設定項目が多く、フルに使いこなすのはすこしたいへんですが、ここでは、ごく基本的な機能を中心に紹介します。
環境 Blender 4.1.0 , Mac Mini M1 OS 14.4
基本
デフォルトの 2 m の立方体を追加する。
オブジェクト > クイックエフェクト > クイック液体 を選択。
![](https://assets.st-note.com/img/1717996618386-OSh4REZrvO.png?width=1200)
立方体は液体扱いになり、外側にドメインと呼ばれる領域が作成される。
外側のドメインを選択、物理演算プロパティの「メッシュ」をチェック
![](https://assets.st-note.com/img/1717997006331-yKqtinHkMA.png?width=1200)

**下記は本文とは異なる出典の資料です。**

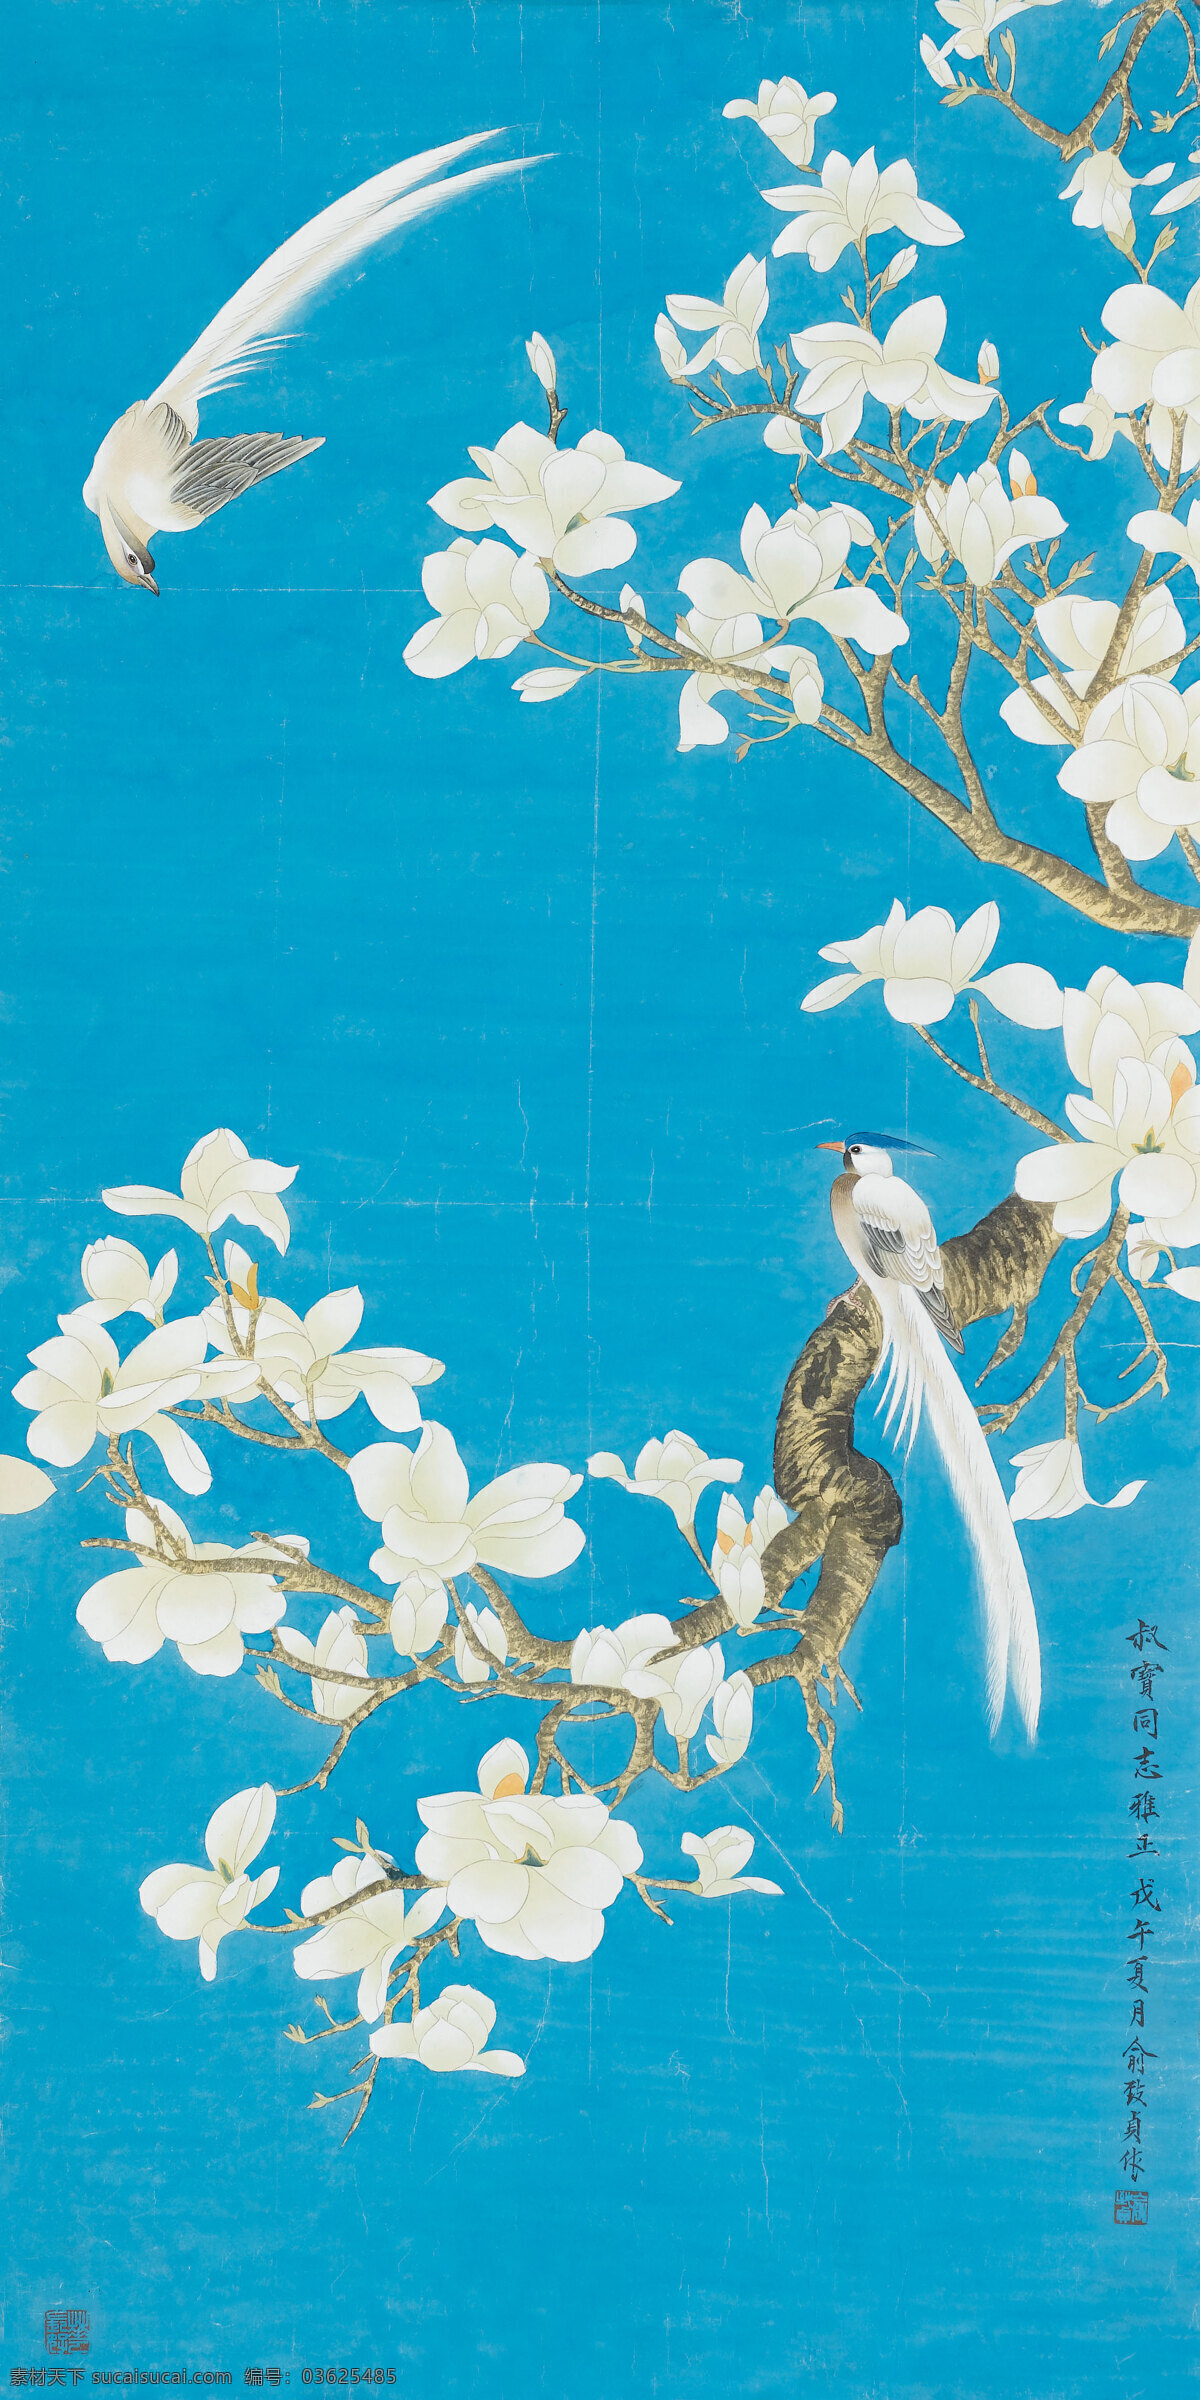 花鸟图 喻继高作品 两只小鸟 飞 栖息在树枝上 中国古代画 中国古画 绘画书法 文化艺术
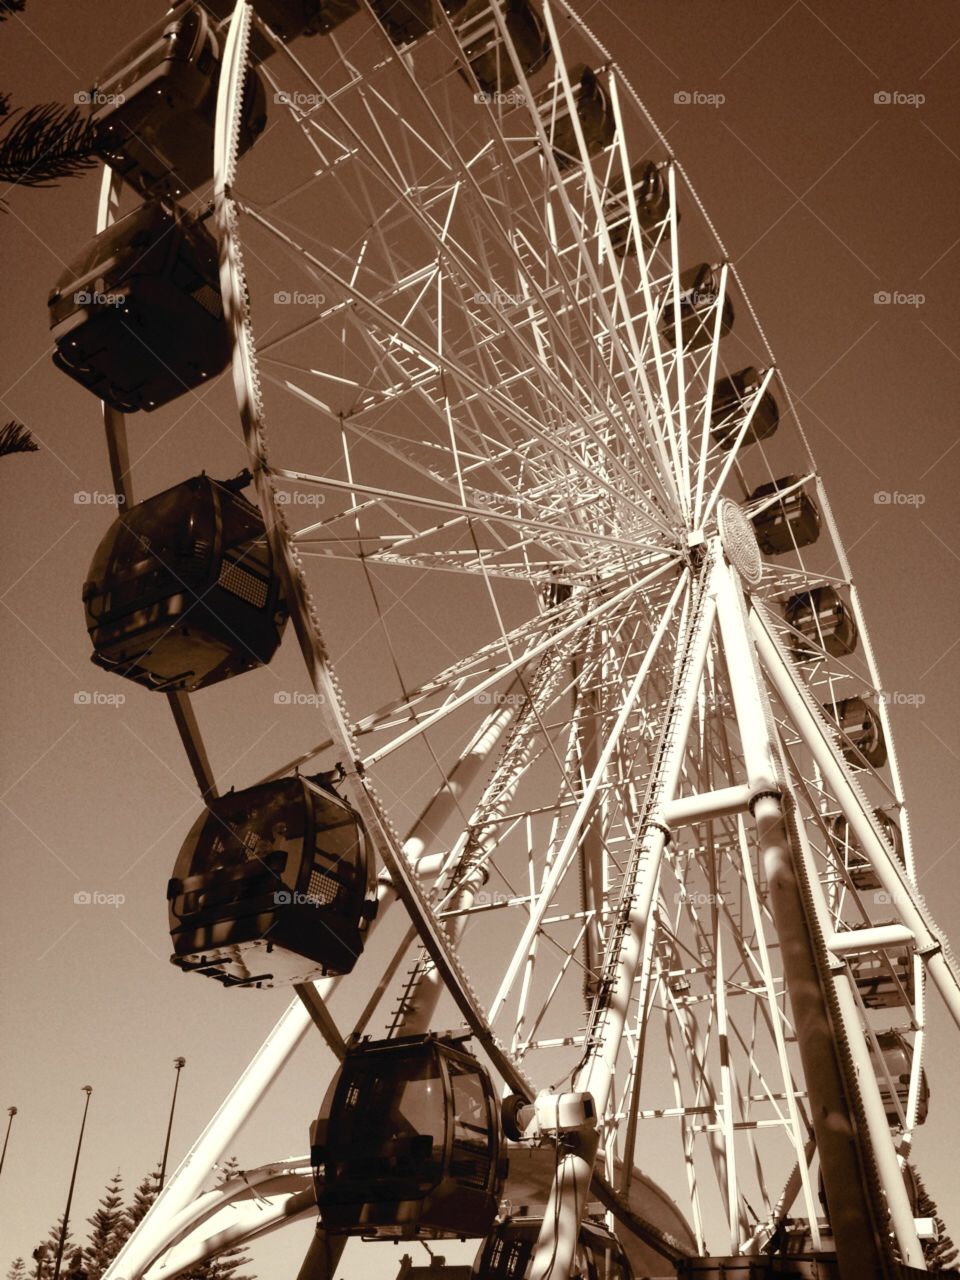 Ferris Wheel . Eye of Perth

スペースバーを押し、シミュレーションを開始する。停止も同じ。再度シミュレーションを始める場合は、最初のフレームまで巻き戻すのを忘れないこと。
![](https://assets.st-note.com/img/1717996170726-BjRKRfha8l.png?width=1200)
ドメインのなかで、立方体の水が落ちる様子が再現される。
![](https://assets.st-note.com/img/1717997402168-gVkxytKj61.png?width=1200)
シミュレーションの結果に大きく影響を与えるのが、「分割の解像度」。大きいほど、精密になるが、処理に負担がかかる。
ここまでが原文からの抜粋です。